Branch: Race Relations Learned Through Stories

Author: Margaret Fosmoe

Posted: Wednesday, October 2, 2013 9:30 am

MARGARET FOSMOE South Bend Tribune

SOUTH BEND - If you don’t know about the history of race relations in this nation, you don’t know about freedom, according to Pulitzer Prize-winning historian Taylor Branch.

“The greatest danger in America is taking democracy for granted,” said Branch, 66, at a luncheon talk Tuesday at the Charles Martin Youth Center. Each American is as responsible as the president of the United States for what happens in this country, he said.

Branch is the author of a trilogy of books chronicling the life of the Rev. Martin Luther King Jr. and the history of the American civil rights movement. His trilogy is collectively called “America in the King Years.” He was awarded the Pulitzer Prize for History in 1988. His most recent book is “The King Years: Historic Moments in the Civil Rights Movement,” focusing on 18 turning points in the civil rights movement.

Branch told of his own experiences in order to demonstrate his point that storytelling is at the heart of the shared experience that makes democracy.

He grew up in segregated Atlanta, Ga., where his father owned a dry-cleaning store. As a youth, he worked in his father’s shop and got to know the employees.

Peter Mitchell, one of his father’s employees, was a black man. The two men had a friendly, bantering relationship, Branch said.

They both were baseball fans and would attend games played by the Atlanta Crackers, a professional baseball team, but had to sit in different sections because of segregation.

Branch recalls his father saying, “I don’t like this,” referring to the forced segregation. But the young Branch knew it was a taboo subject.

“I knew even as a 7- or 8-year-old kid that this was a radioactive subject and that I was not to ask one question,” he said. “That’s the way race was.
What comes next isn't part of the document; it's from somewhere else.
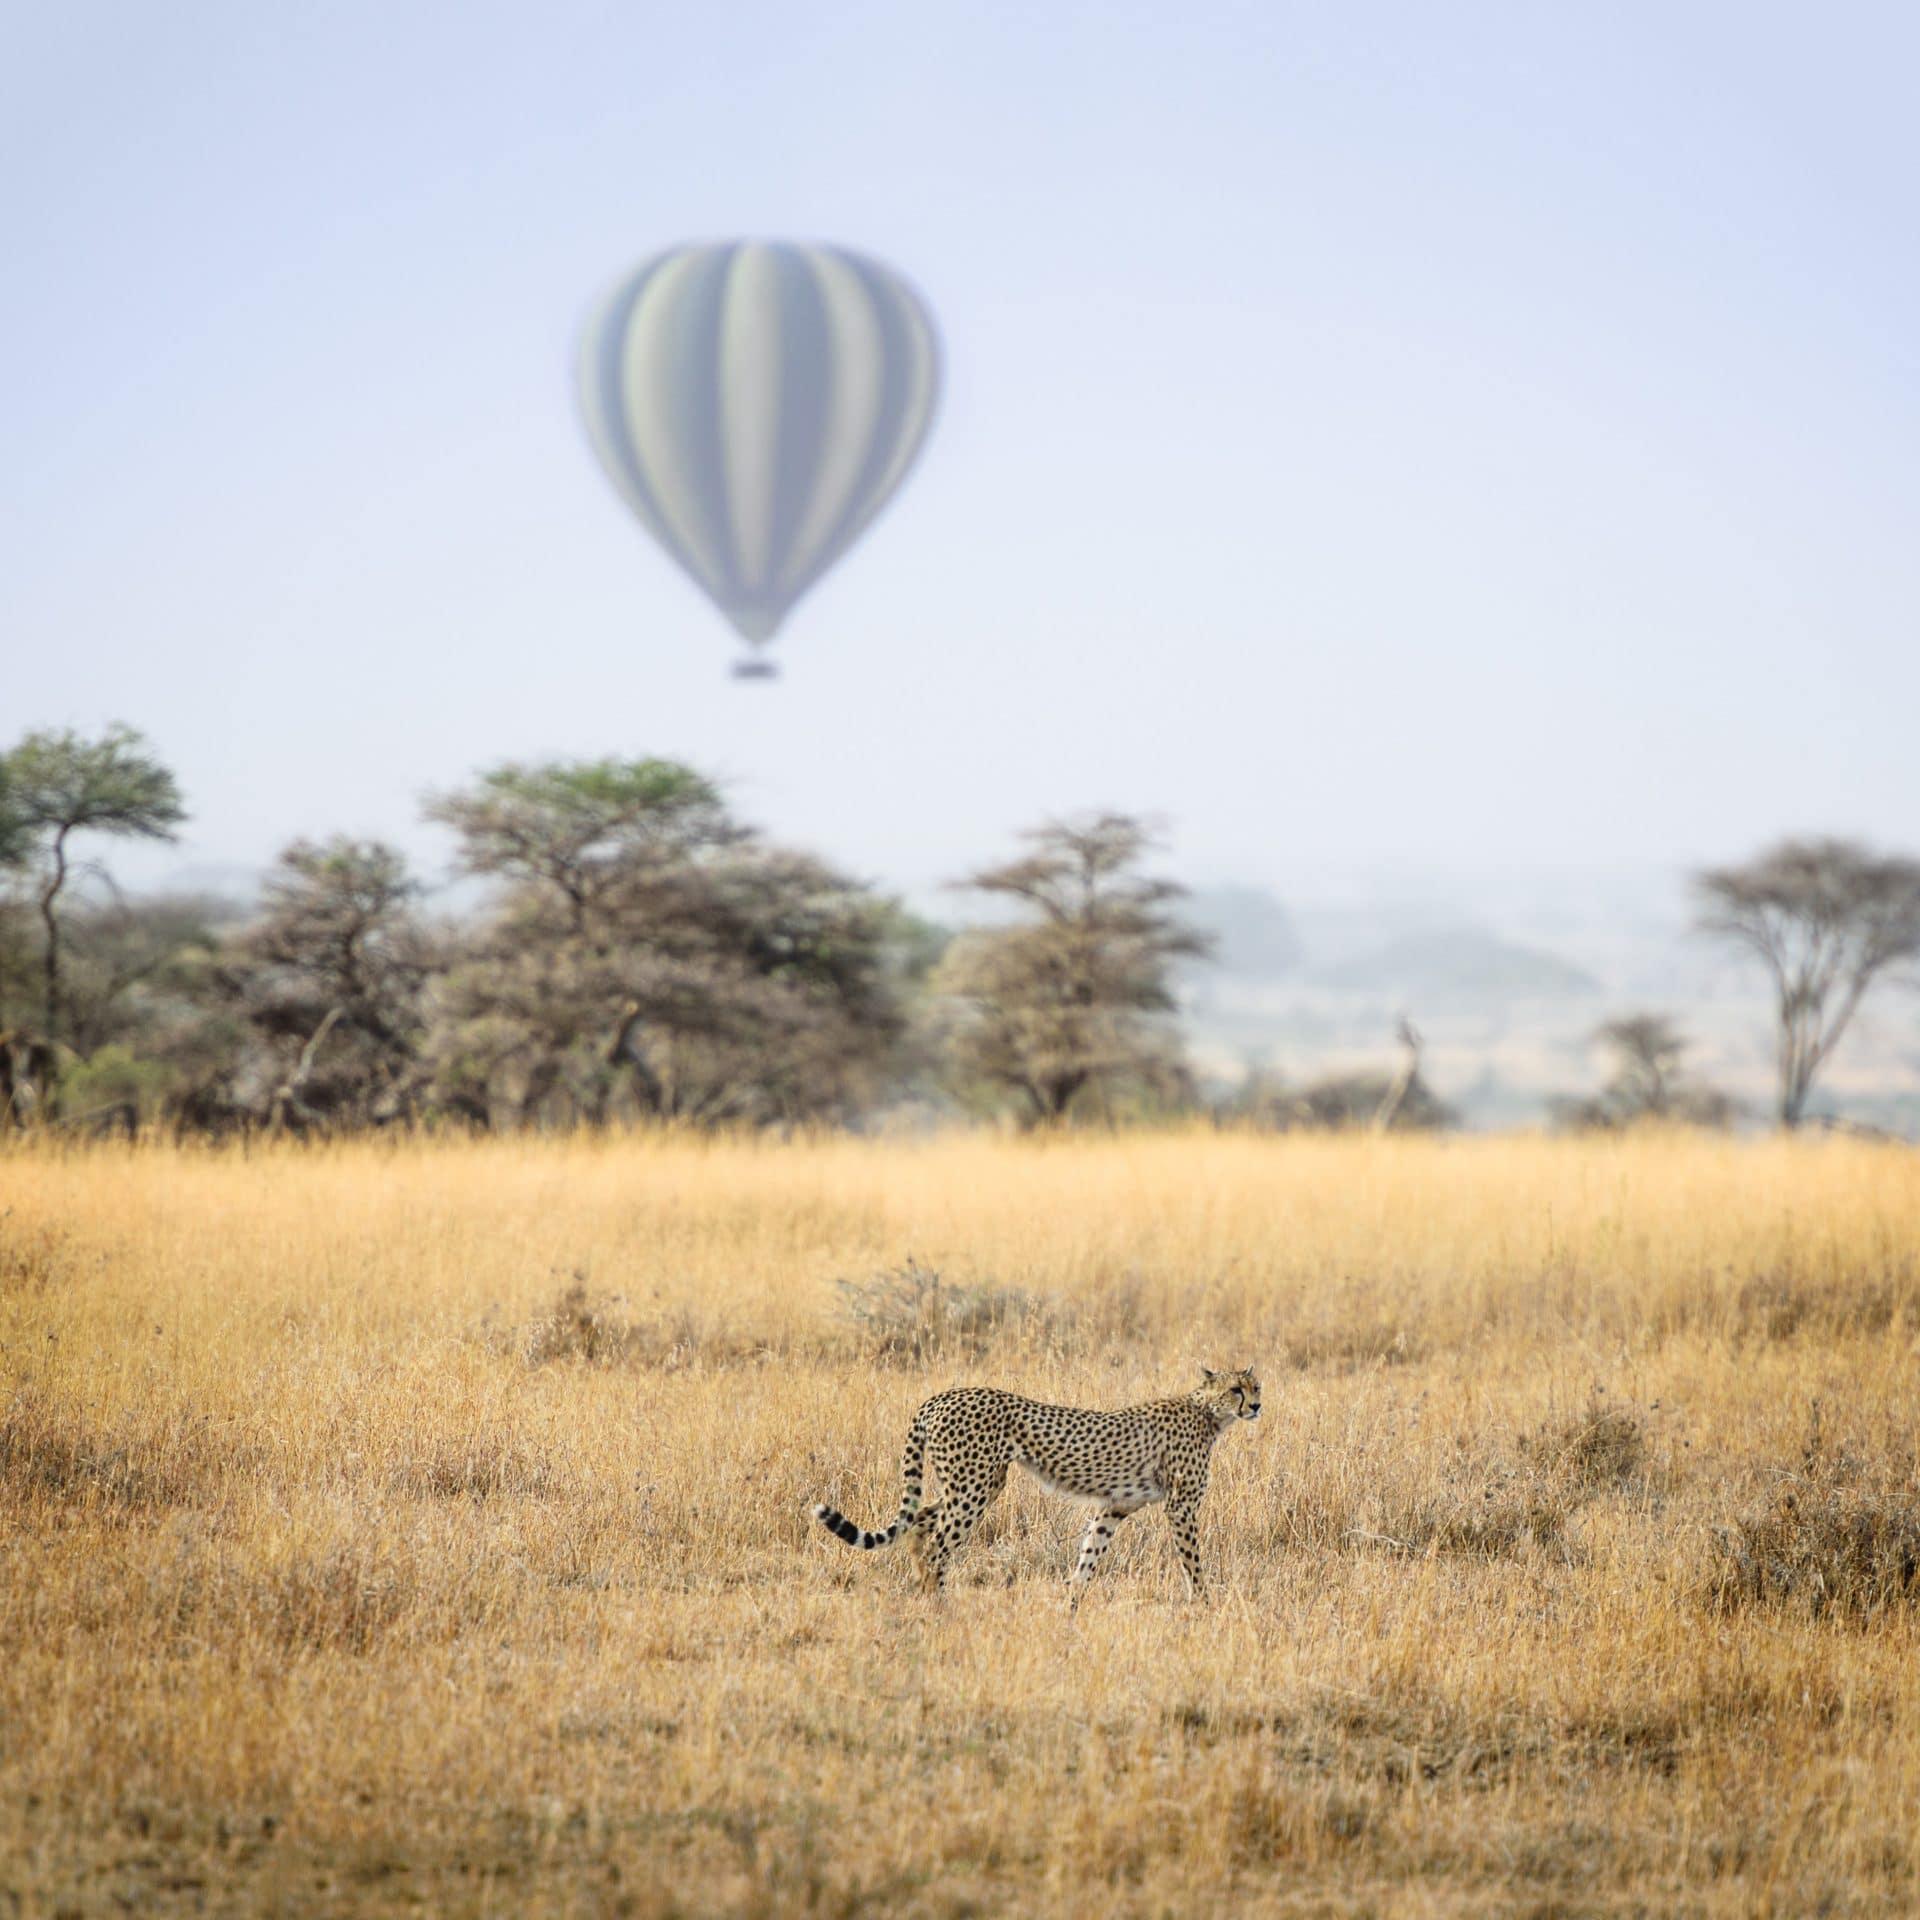 Cheetah seen on Tanzanian safari

You felt it under the surface.”

Mitchell died a few years later of bone cancer, and Branch attended the funeral with his father. They were the only white people at the black church. His father was asked to get up and say a few words, and after he told some stories about his friendship with Mitchell, his father was in tears, Branch said.

Branch said he tried to avoid the issue of segregation and race relations, and focus on pursuing an education to become a surgeon. “But the (civil rights) movement was relentless. It occupied all my formative years,” he said.
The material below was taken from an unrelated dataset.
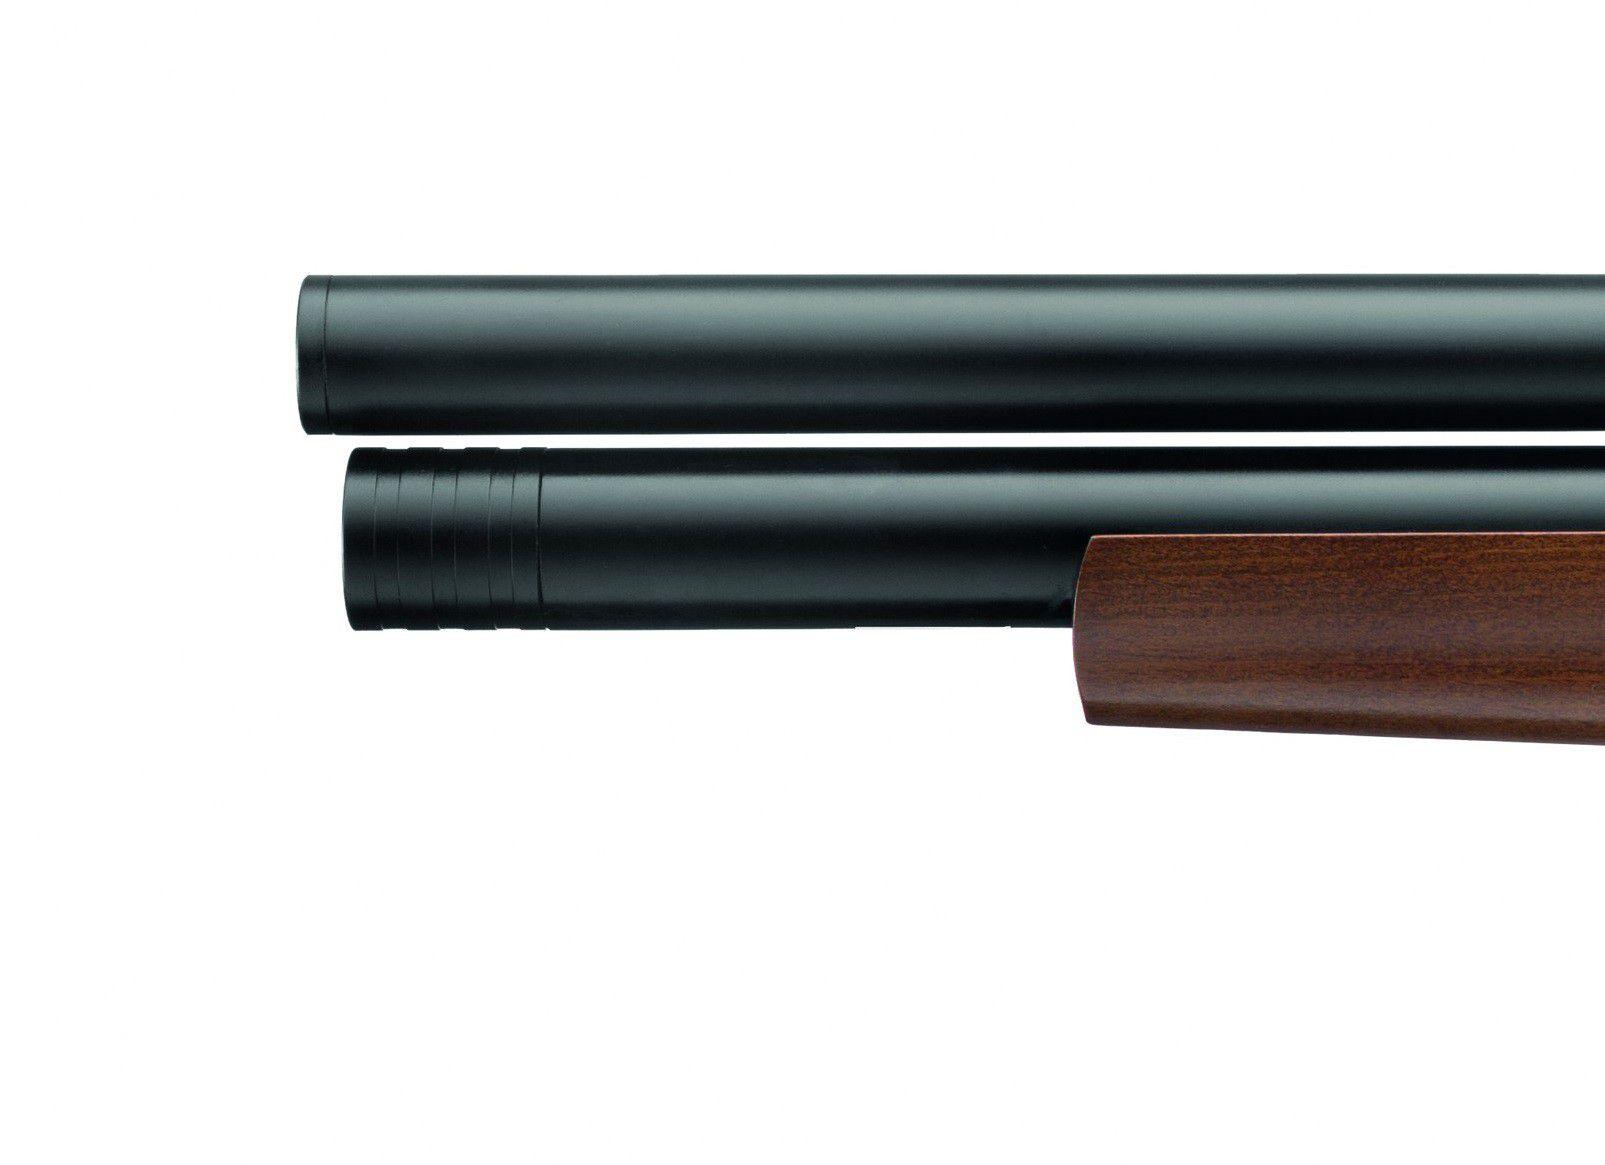 Carabina PCP STINGER Modelo Jupiter 5.5mm

It was in 1963, when Martin Luther King allowed children and teens to march in peaceful civil rights events in Birmingham, Ala., and they were attacked by police dogs and sprayed with fire hoses, that Branch knew he couldn’t ignore it.

“Photographs of that changed the world, and it certainly changed me,” he said. “It melted the emotional distance I had with this issue.”

Branch dropped his college pre-med major and got a summer job with a voter education program in rural Georgia. He sought out blacks in an effort to convince them to register to vote, but most turned him down out of fear.

When he returned to college, Branch handed his professor a 400-page diary of his summer experiences. His professor mailed it to a magazine, which agreed to publish it. That’s how he became a professional writer.

“It was the beginning of my conviction that race relations are learned through stories, not through abstract analysis,” he said.

Every abstract idea about the history of race relations will, in time, be turned on its head, he said.

As a teacher, Branch said he assigns his students to undertake experiences that stretch them outside their comfort zones, such as assigning a black student athlete to attend a religious service at a synagogue or asking a pro-choice activist to meet with Catholic religious leaders.

Just being involved in a movement doesn’t change things, Branch said. It’s talking about the experience and sharing it with one’s peers that creates a bond.

“You have to get outside yourself in order to discover anything larger. And every movement that becomes large starts in literally being moved when you feel that you have something in common with a larger group than you thought,” he said.

Branch is giving two more public lectures later today on the University of Notre Dame campus. He’ll lead a discussion on the state of journalism today at 4 p.m. today in the auditorium of the Hesburgh Center. And he’ll present another public lecture, titled “Myths & Miracle From the King Years” at 7 p.m. today in Room 1130 of Eck Hall of Law at Notre Dame. A book signing will follow.